Trace of the energy-momentum tensor and macroscopic properties of neutron stars

A generic feature of scalar extensions of general relativity is the coupling of the scalar degrees of freedom to the trace $T$ of the energy-momentum tensor of matter fields. Interesting phenomenology arises when the trace becomes positive—when pressure exceeds one third of the energy density—a condition that may be satisfied in the core of neutron stars. In this work, we study how the positiveness of the trace of the energy-momentum tensor correlates with macroscopic properties of neutron stars. We first show that the compactness for which $T=0$ at the stellar center is approximately equation-of-state independent, and given by $C=0.262_{-0.017}^{+0.011}$ (90% confidence interval). Next, we exploit Bayesian inference to derive a probability distribution function for the value of $T$ at the stellar center given a putative measurement of the compactness of a neutron star.
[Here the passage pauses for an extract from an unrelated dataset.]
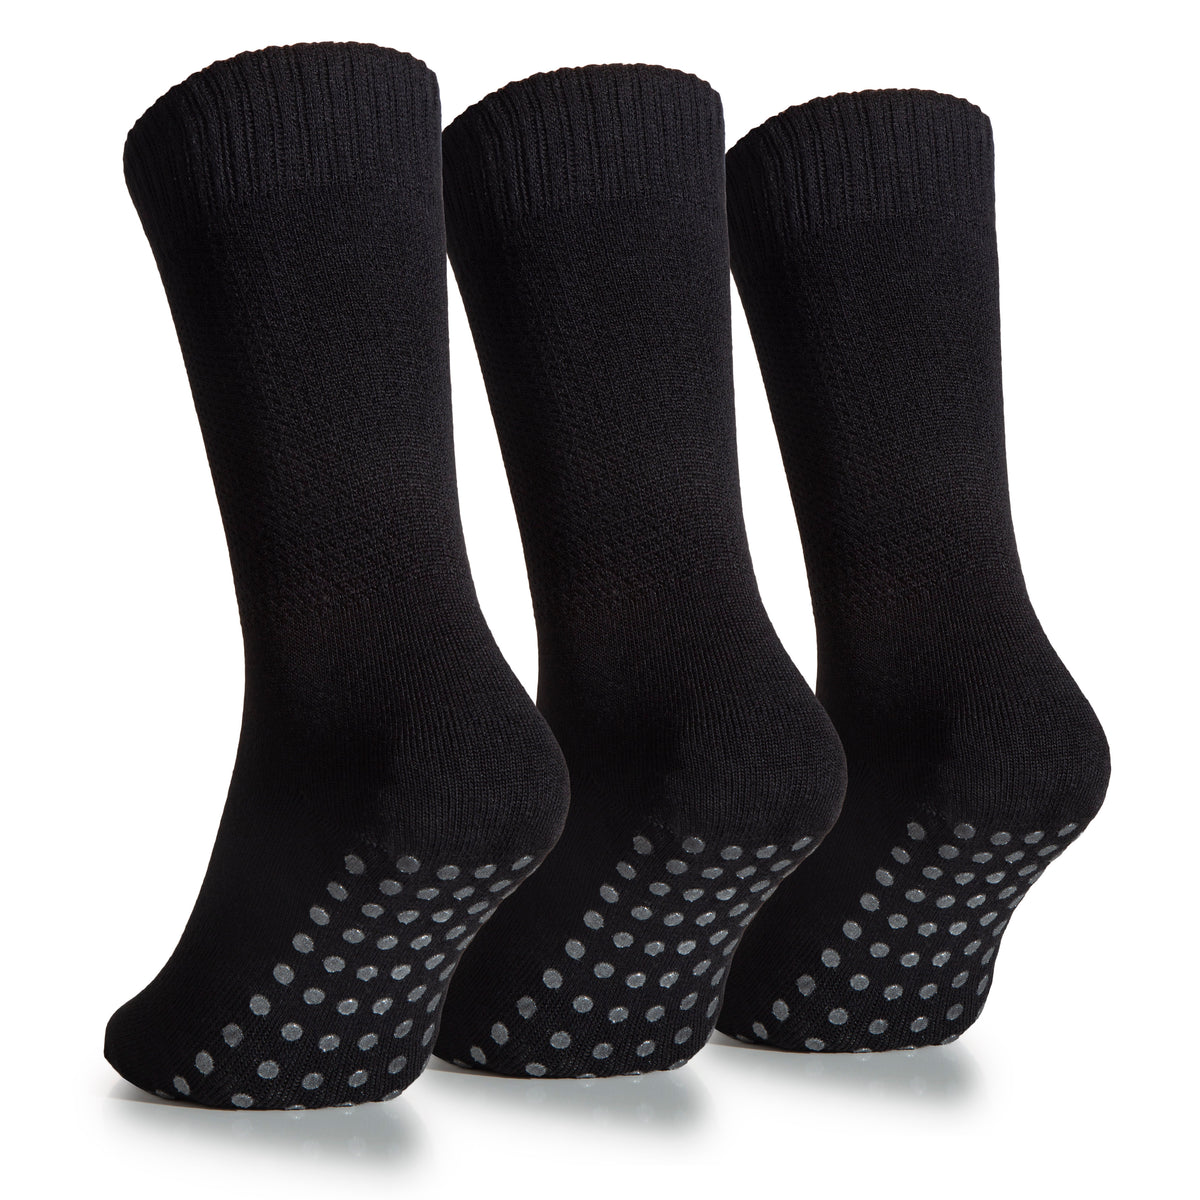 The picture shows three black socks with dots on them. These are Women's Bamboo Diabetic Ankle Non Slip Grip Socks.

This investigation is a necessary step in order to use present and future observations of neutron star properties to constrain scalar-tensor theories based on effects that depend on the sign of $T$.

Figure 1

Mass-radius curves for 136 piecewise-polytropic causal EoS (cf. Sec. 2a). Configurations for which $T<0$ in the entire stellar interior are displayed in orange, while those for which $T>0$ in some region inside the star are depicted in blue. We highlight in cyan the configurations for which $T=0$ at the stellar center, which marks the transition between the previous regimes. The red line corresponds to $M=(c^2/G)CR$, with $C=0.262$, as discussed in the main text.

Figure 2

Probability distribution functions for $T_c$, the central value of the trace of the energy-momentum tensor, corresponding to six values of a compactness measurement, ranging from $C=0.200$ (leftmost curve) to $C=0.325$ (rightmost curve). The assumed uncertainty in the measurement is fixed to ${\sigma }_C=0.03$ in all cases. Shades give an estimate of the error in the marginalization procedure (cf. Sec. 4).

Figure 3

$T=3p-\epsilon$ as a function of the areal radial coordinate for the most massive star allowed by four realistic EoS. We adopt the piecewise-polytropic approximation to the APR4, H4, SLy, and MPA1 models, as given in Table III of Ref. [22].

Figure 4

Histogram of the compactness of a stable and causal star with $T_c=0$, computed for 20 000 EoS.

Figure 5

Histogram of the maximum speed of sound inside a star with $T_c=0$, computed for 15 000 sampled EoS. Vertical lines highlight the values $c_{s,\max }=c/\sqrt{3}$ and $c_{s,\max }=c$.

Figure 6

Central value of the trace of the energy-momentum tensor $T_c$ as a function of the stellar compactness $C$. Curves are drawn for 100 causal EoS, and they terminate at the maximum value of $C$ for a stable configuration according to each EoS. It should be noted that while $T_c$ is a single-valued function of $C$ for each EoS, $C$ can be a multivalued function of $T_c$.

Figure 7

Probability distribution functions for $T_c$, for two values of a compactness measurement, $C=0.225$ and $C=0.325$. For the dashed curves, a maximum-mass cutoff of $2.3M_{\odot }$ was included in the EoS prior, while no maximum mass cutoff was imposed for the solid curves. In all cases, ${\sigma }_C=0.03$.

Figure 8

Probability distribution functions for $T_c$, for two values of the measured compactness, $C=0.275$ and $C=0.325$, and ${\sigma }_C=0.03$ (solid curves) or ${\sigma }_C=0.01$ (dashed curves). In the upper panel the PDF is shown for an EoS prior that includes no maximum mass cutoff, while in the lower panel a maximum mass cutoff of $2.3M_{\odot }$ is considered.

Figure 9

Probability distribution function for $T_c$, for a measured stellar compactness of $C=0.275$, with ${\sigma }_C=0.03$, and either no concurrent mass measurement or mass measurements of $1.8M_{\odot }$ or $2.1M_{\odot }$, with ${\sigma }_M=0.05M_{\odot }$. Shades represent the error in the marginalization procedure.